■ Task item ■
Print the listing exactly as it stands. Skip every picture.

■ Supplied information ■
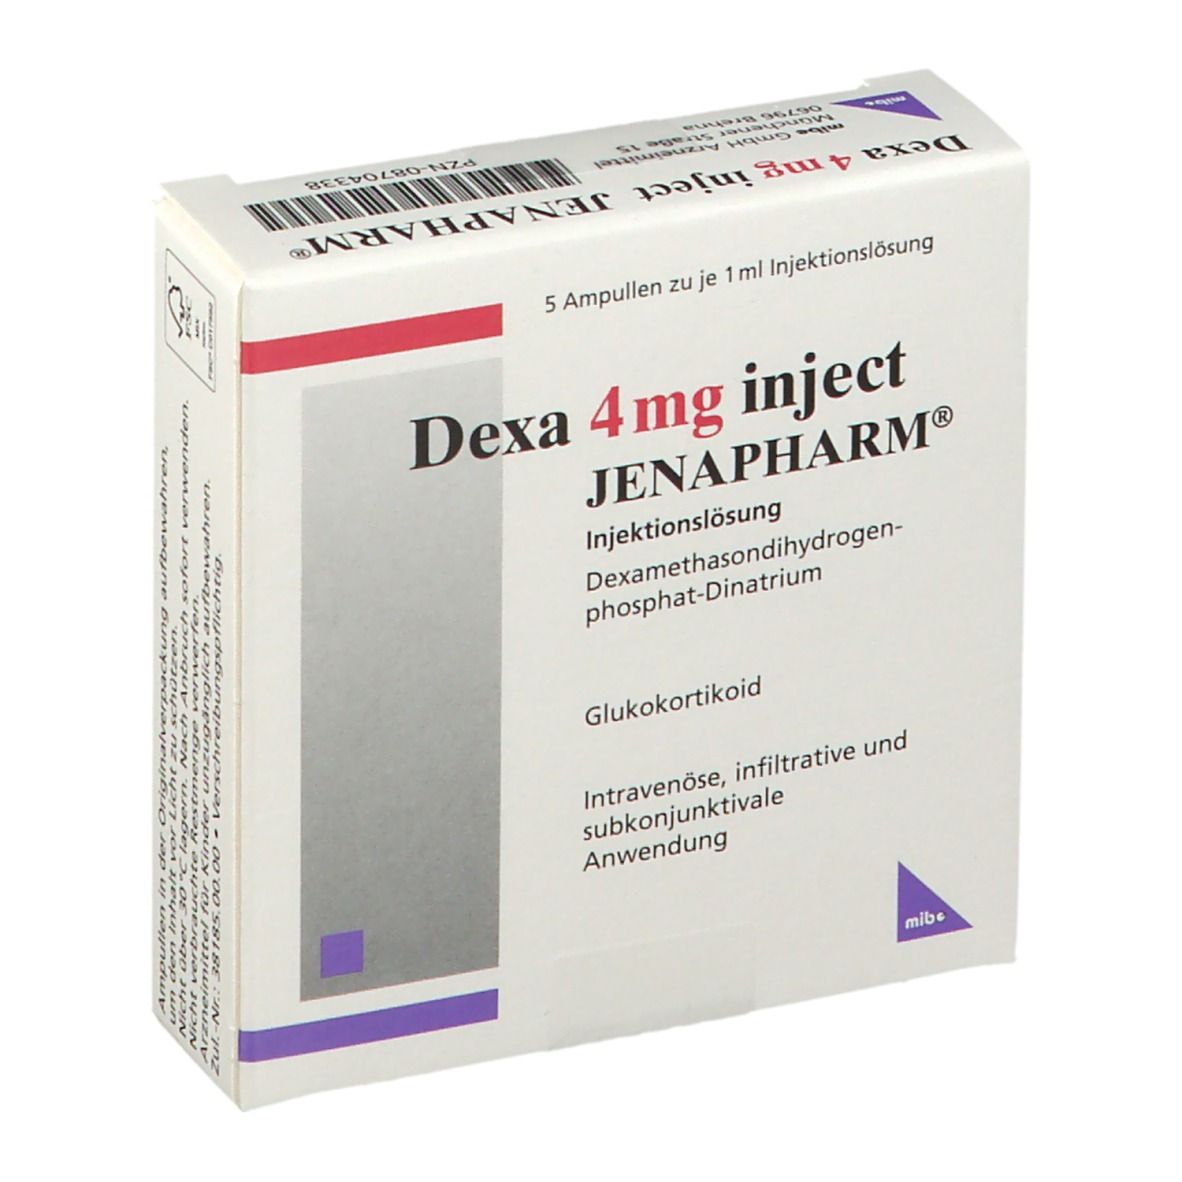 Dexa 4 mg
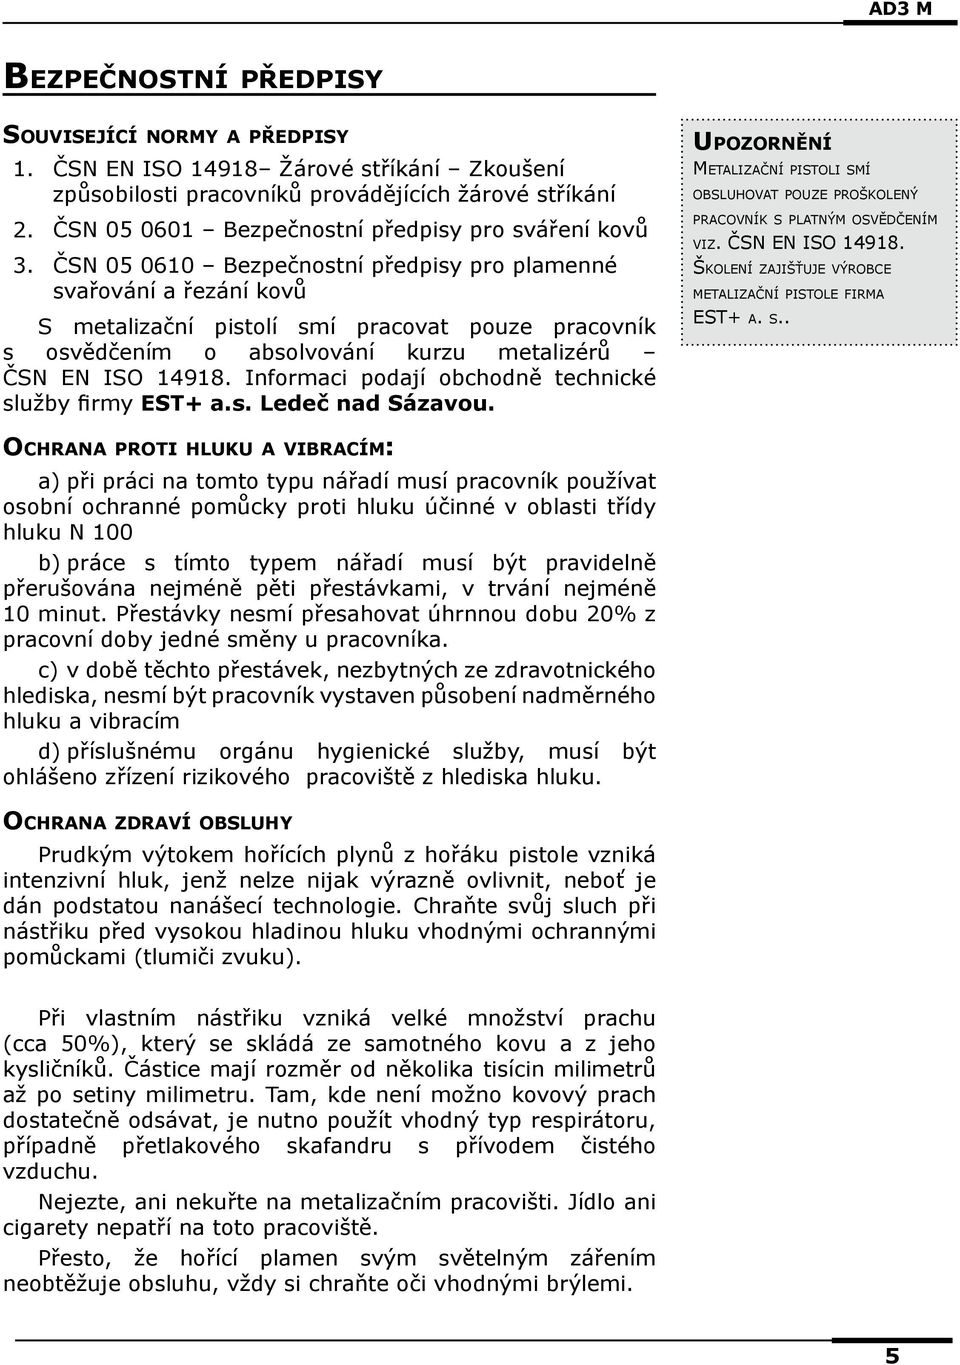 kurzu metalizérů ČSN EN ISO 14918. Informaci podají obchodně technické služby firmy EST+ a.s. Ledeč nad Sázavou.
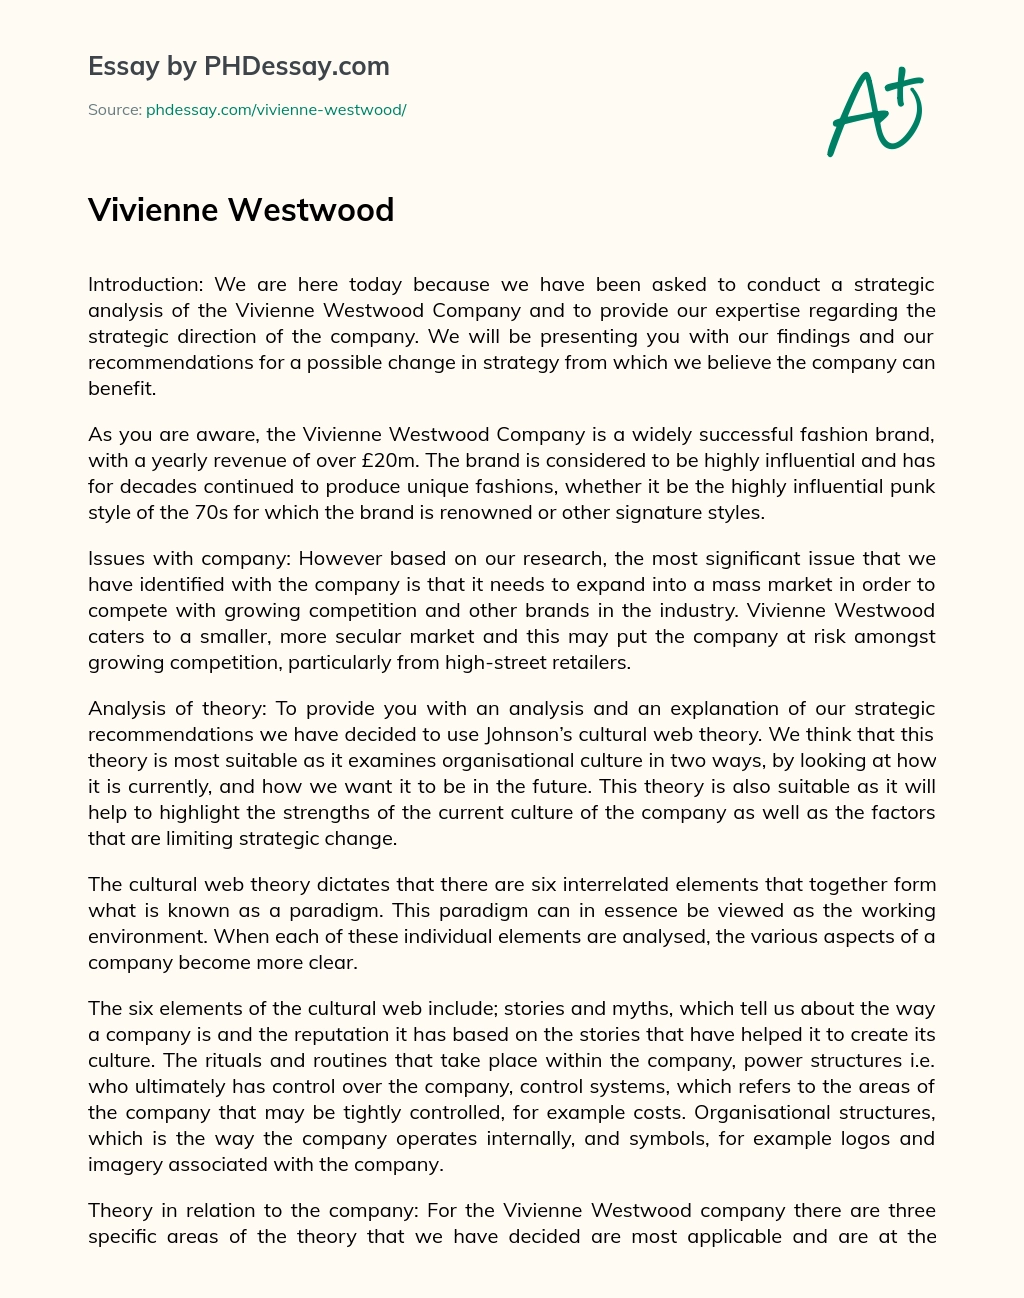 Vivienne Westwood essay

■ Your solution ■
 Dexa 4 mg
 kurzu metalizérů ČSN EN ISO 14918. Informaci podají obchodně technické služby firmy EST+ a.s. Ledeč nad Sázavou.
 Vivienne Westwood essay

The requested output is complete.